Bahçekapı’da Hacı Bekir’in dükkânı karşısında eski bir şekerciden bahsetti Hayyam Ömer. Ortaköylü Hacı Mustafa Efendi açmış bu işletmeyi. Oğlu Cemil bu işi devam ettirmiş. Bu müessese halen devam ediyormuş. Daha fazla bilgiyi nereden alabilirim diye araştırdım. Orta merkezde Hacı Mustafa ile aynı sülâleden kişiler olmasına rağmen bir malûmat elde edemedim. Kalfat’ta Hacı Mahmutgil’den Halil Şekerci’nin Ortalı Şekerci Hacı Mustafa sülâlesinden olduğunu öğrendim. Halil Şekerci’nin oğlu Hâfız Yaşar Şekerci ile görüştüm ve biraz daha ek malûmat alabildim.Kalfatlı Hâfız Yaşar Şekerci, şu bilgileri verdi:
Şekerci Hacı Mustafa, Orta’lı olup aynı zamanda hâfızdır. Müesseseyi babası Hacı İsmail Hakkı Efendi kurmuştur. Kuruluş tarihi 1864’dür. Hacı Mustafa’dan sonra oğlu Cemil bu işi devam ettirmiştir. Halen dükkan Bahçekapı’da Hacı Bekir’in tarihi dükkânının karşısında faaliyetini sürdürmektedir.
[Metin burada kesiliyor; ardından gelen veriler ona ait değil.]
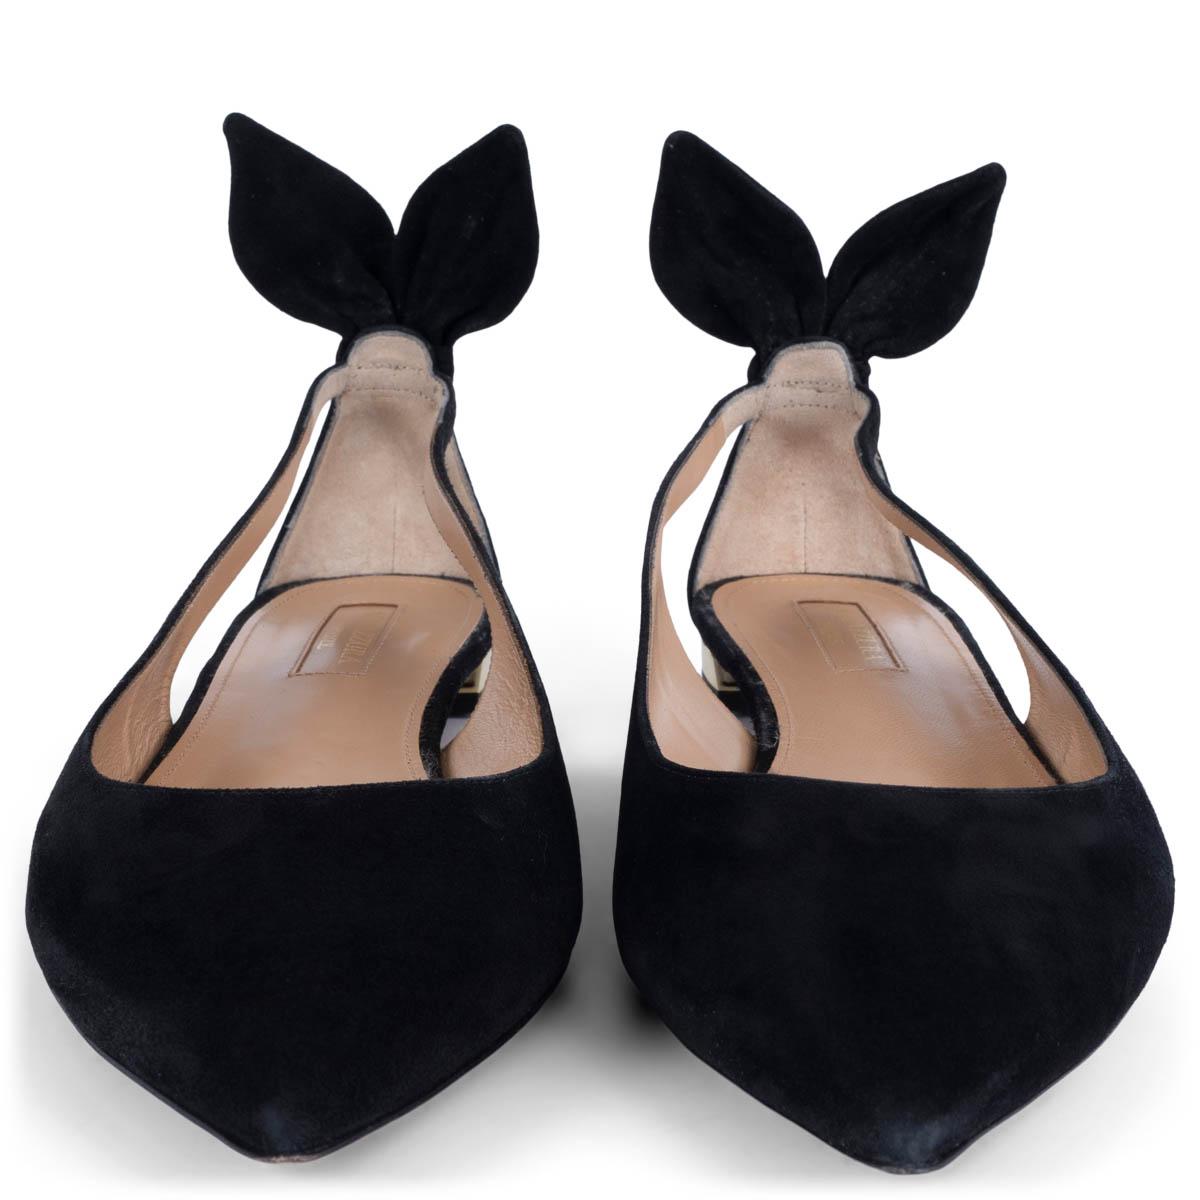 100% authentic Aquazzura Bow Tie ballet flats are crafted from soft black suede featuring polished golden heel, pointed-toe and cut-out detailing with tie-knots at the heel counter. Brand new.

Measurements
Imprinted Size	39.5
Shoe Size	39.5
Inside

Cemil’den sonra işi onun evladı Sönmez bir süre devam ettirmiştir. Daha sonra bu köklü müesseseyi başka bir işletmeciye devretmişlerdir.
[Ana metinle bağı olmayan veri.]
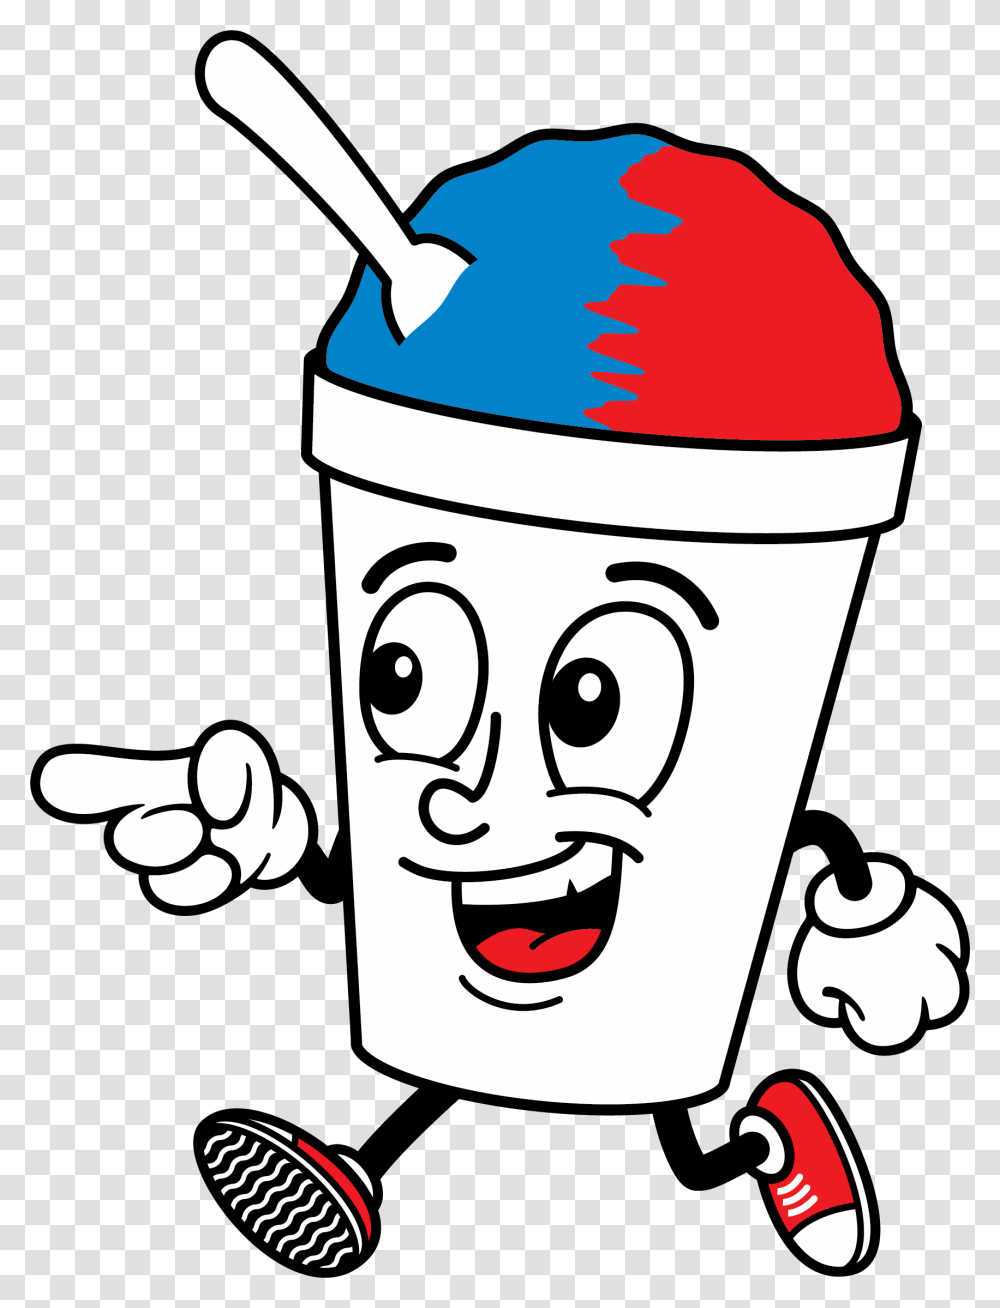 Gringos Shaved Ice Shave Ice Snow Cone Clip Art, Bottle, Shaker, Stencil, Cup Transparent Png

Hacı Mustafa’nın kardeşi Şekerci Ömer ve yeğenleri Halil Şekerci de bu sektörde faaliyet göstermişlerdir. Yaşar Şekerci, Hacı Mustafa’nın 1944’de vefat ettiğini nakletti..
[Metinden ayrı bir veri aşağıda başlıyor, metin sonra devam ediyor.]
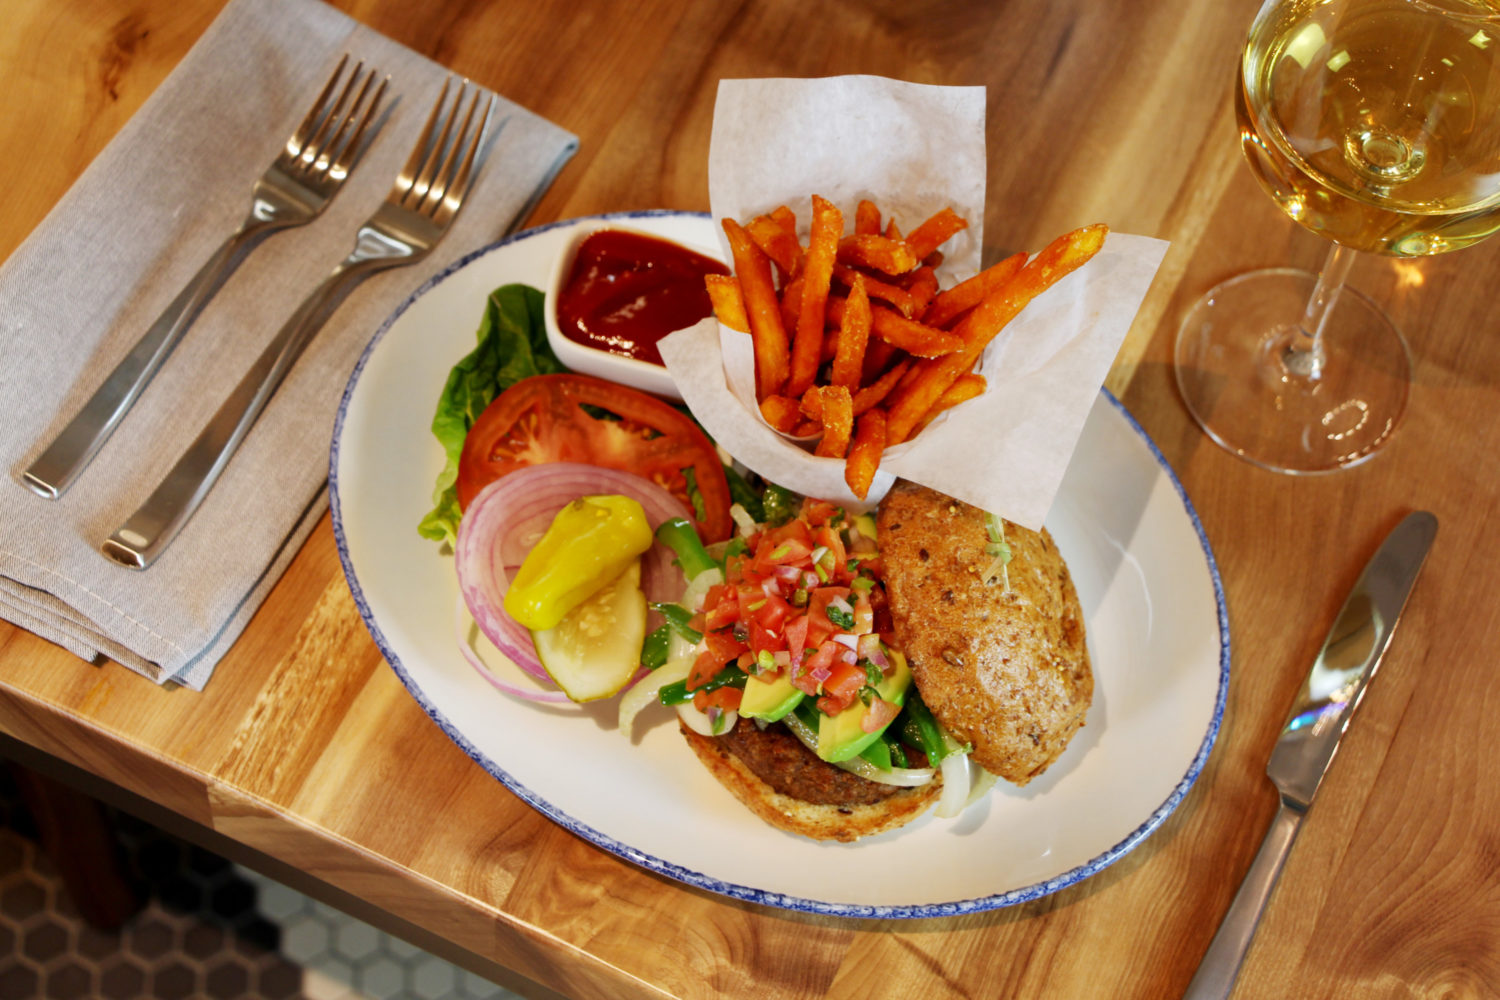 The Commentary menu is filled with vegan fare, like the meatless Beyond Burger. Photo courtesy of the Commentary Social House.

KONUMUZLA İLGİLİ YAYINLANMIŞ BİR MAKALE
İstanbul sosyal hayatı ve tarihi ile ilgili araştırmalar yapan araştırmacı-yazar Mehmet Mazak, Türk Şekerciliğinin 2 numaralı ismi Orta’lı Şekerci Hacı Hâfız Mustafa hakkında bir çalışma yapmış. Bu yazıya yakınlarda muttâli oldum. Konuyla ilgili bilgilere ulaşmakta zorluklar yaşarken, hazır bir şekilde önünüze gelmesi, hazine bulmak gibi bir şey. Yazarın ülkemizin en eski işletmelerinden biri olan Hâfız Mustafa şirketinin dünü ve günümüzdeki durumunu anlatan makalesini buraya iktibas edeceğim. Kendisine bu ve diğer çalışmaları için teşekkürler…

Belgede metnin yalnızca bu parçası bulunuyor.